(About this exercise): From the first line of the entries below through the line bearing "Cyfrowa Niania Elektroniczna", write out each line exactly. Omit pictures.

(Extracted information):
··········

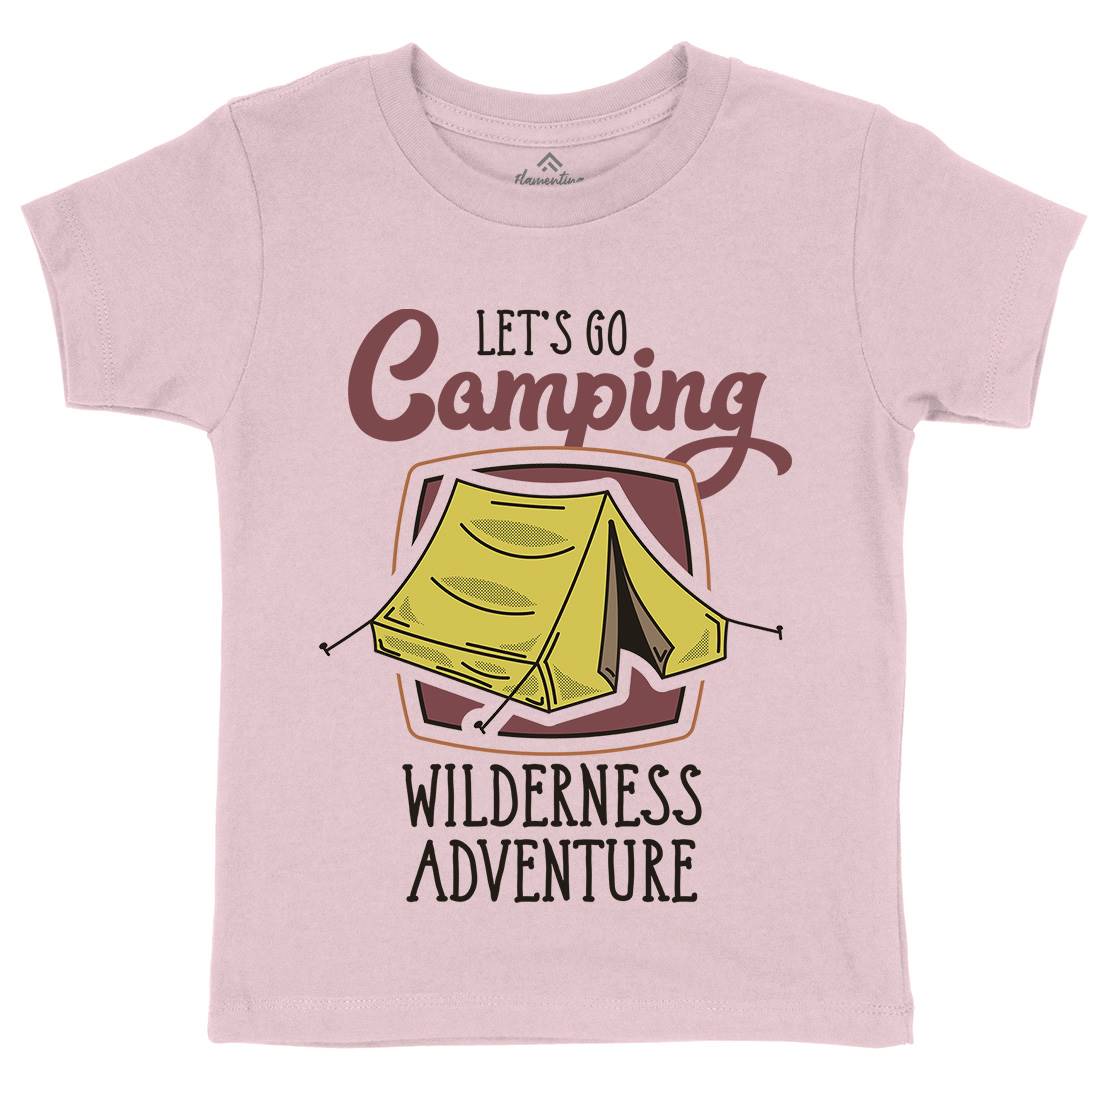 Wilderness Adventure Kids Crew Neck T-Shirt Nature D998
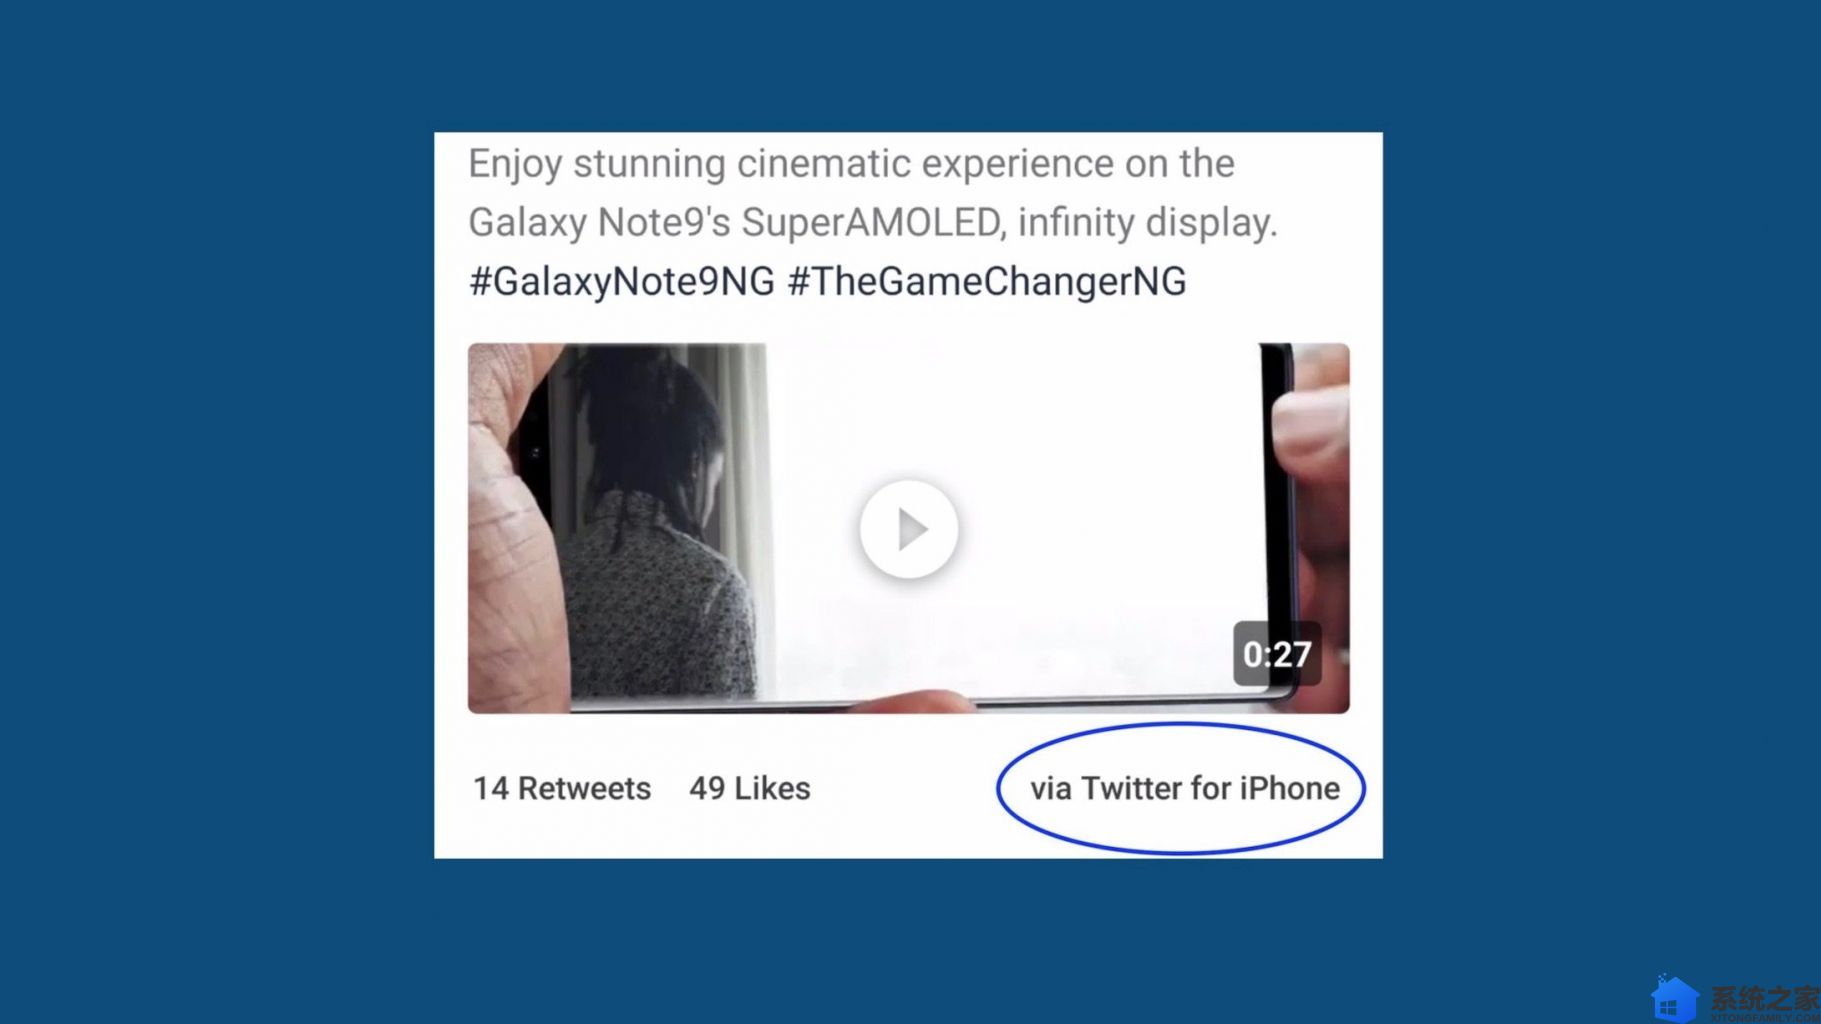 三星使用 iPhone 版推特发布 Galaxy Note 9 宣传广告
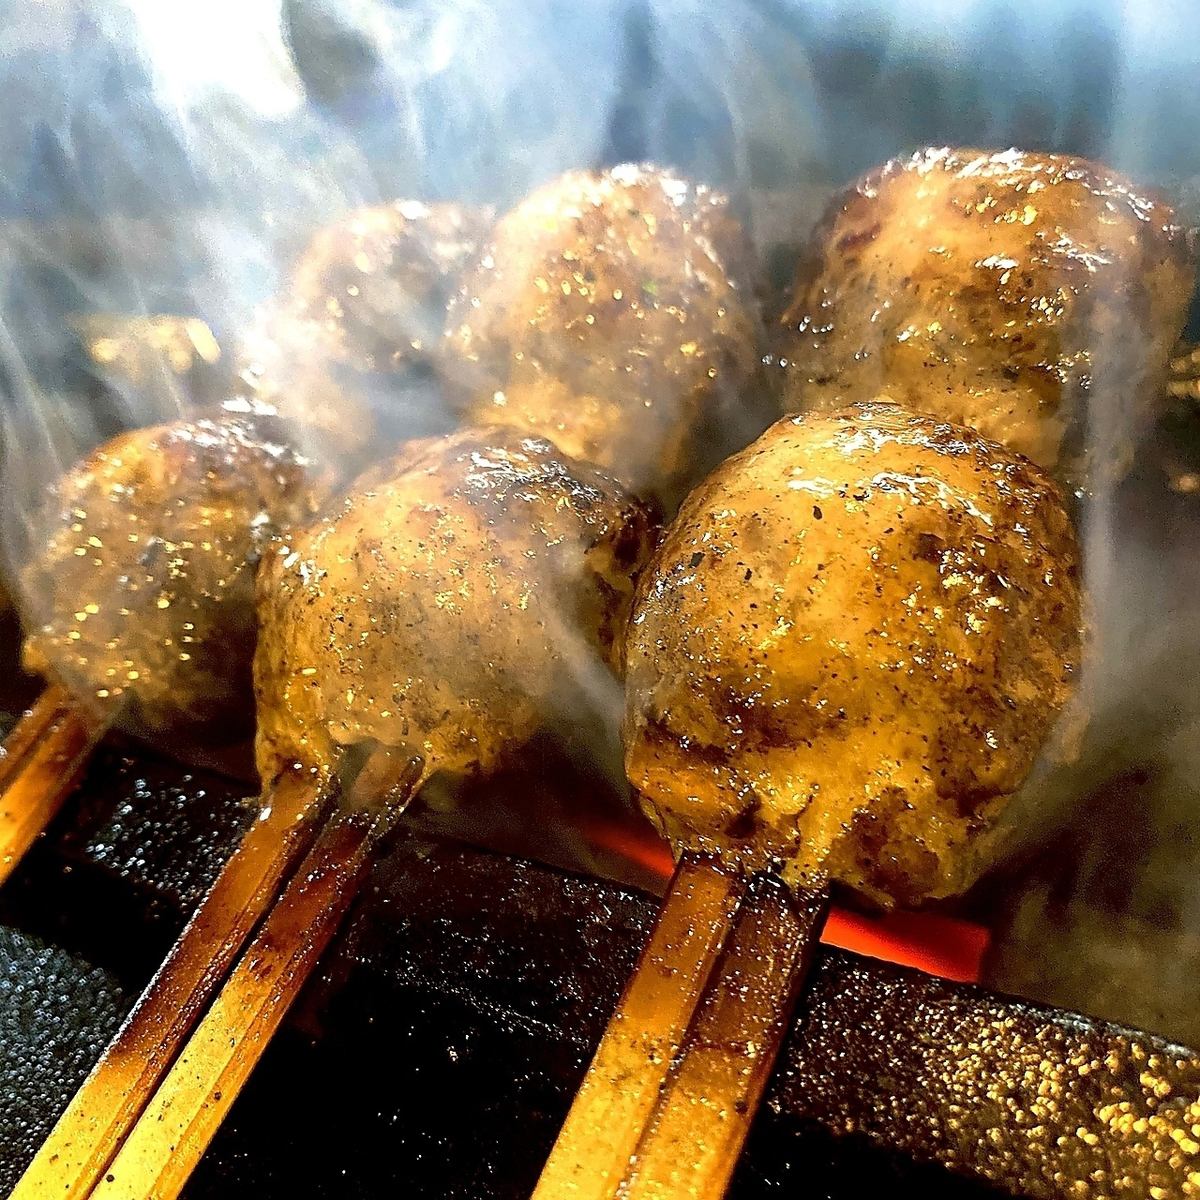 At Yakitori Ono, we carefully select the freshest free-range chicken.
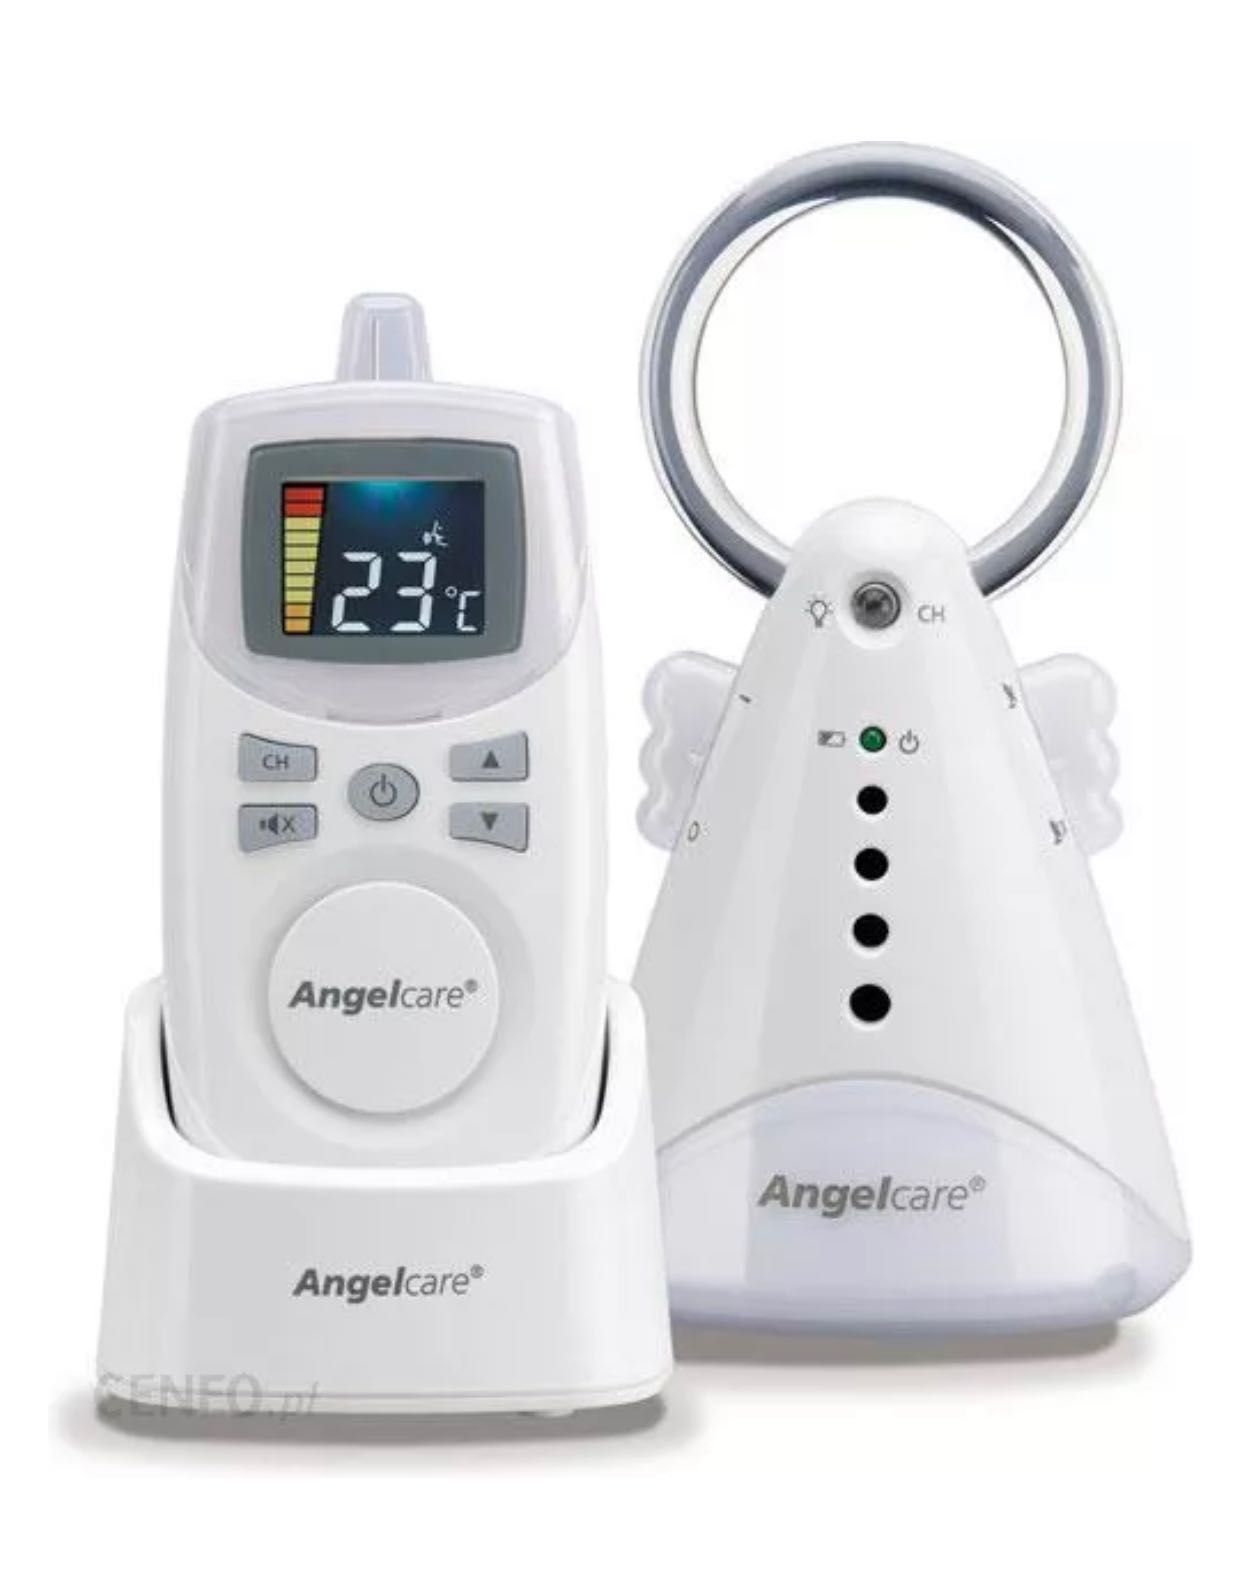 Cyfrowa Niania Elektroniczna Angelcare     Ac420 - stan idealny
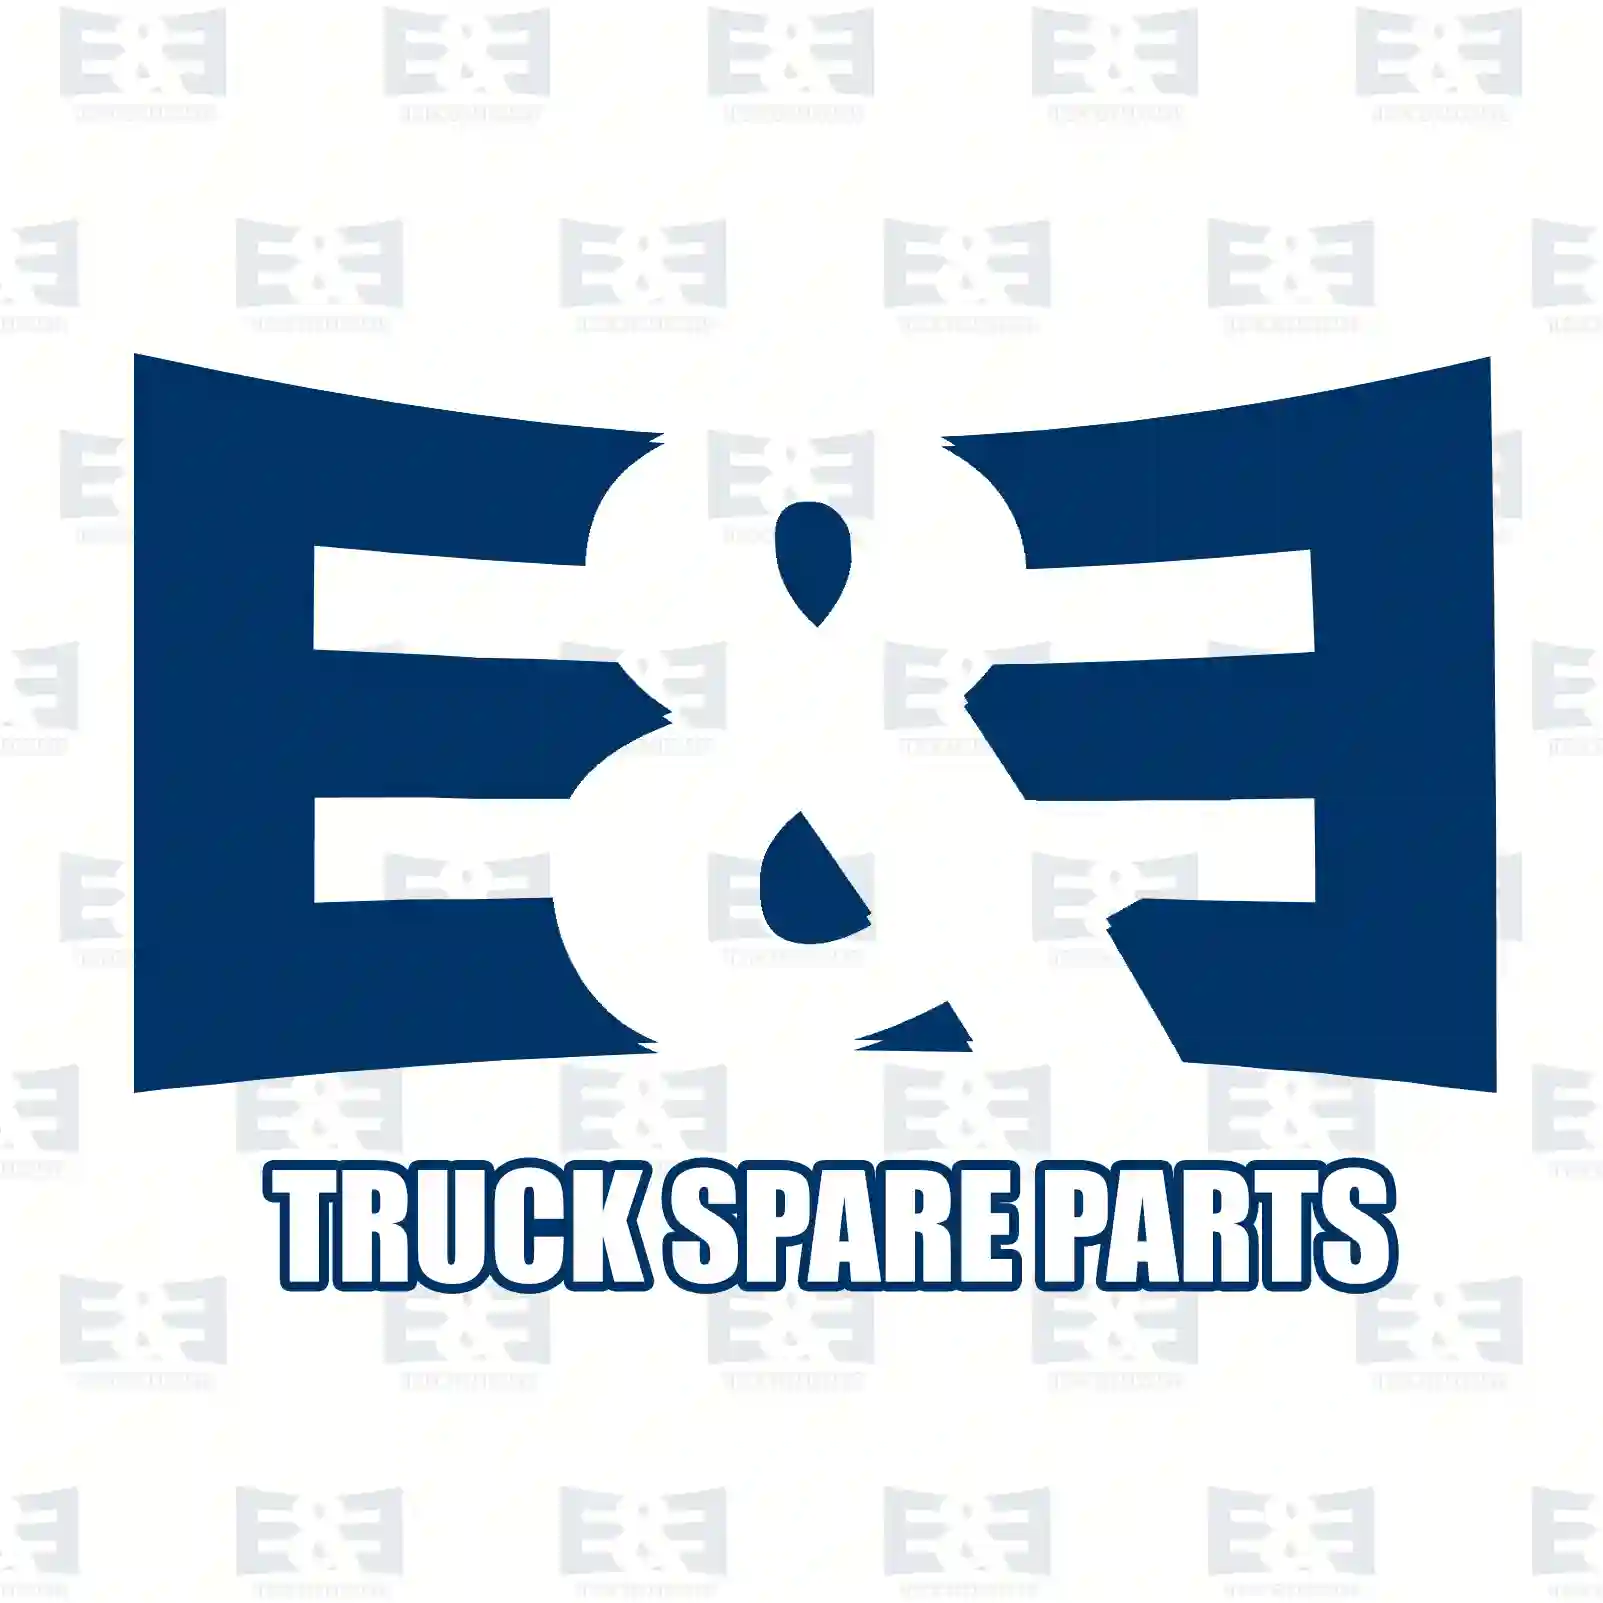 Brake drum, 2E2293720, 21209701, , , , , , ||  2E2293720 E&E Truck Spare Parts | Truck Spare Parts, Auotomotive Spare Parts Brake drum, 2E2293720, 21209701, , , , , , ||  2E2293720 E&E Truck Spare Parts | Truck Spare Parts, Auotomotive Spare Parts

··········

(Answer box):
 Wilderness Adventure Kids Crew Neck T-Shirt Nature D998
 三星使用 iPhone 版推特发布 Galaxy Note 9 宣传广告
 At Yakitori Ono, we carefully select the freshest free-range chicken.
 Cyfrowa Niania Elektroniczna Angelcare     Ac420 - stan idealny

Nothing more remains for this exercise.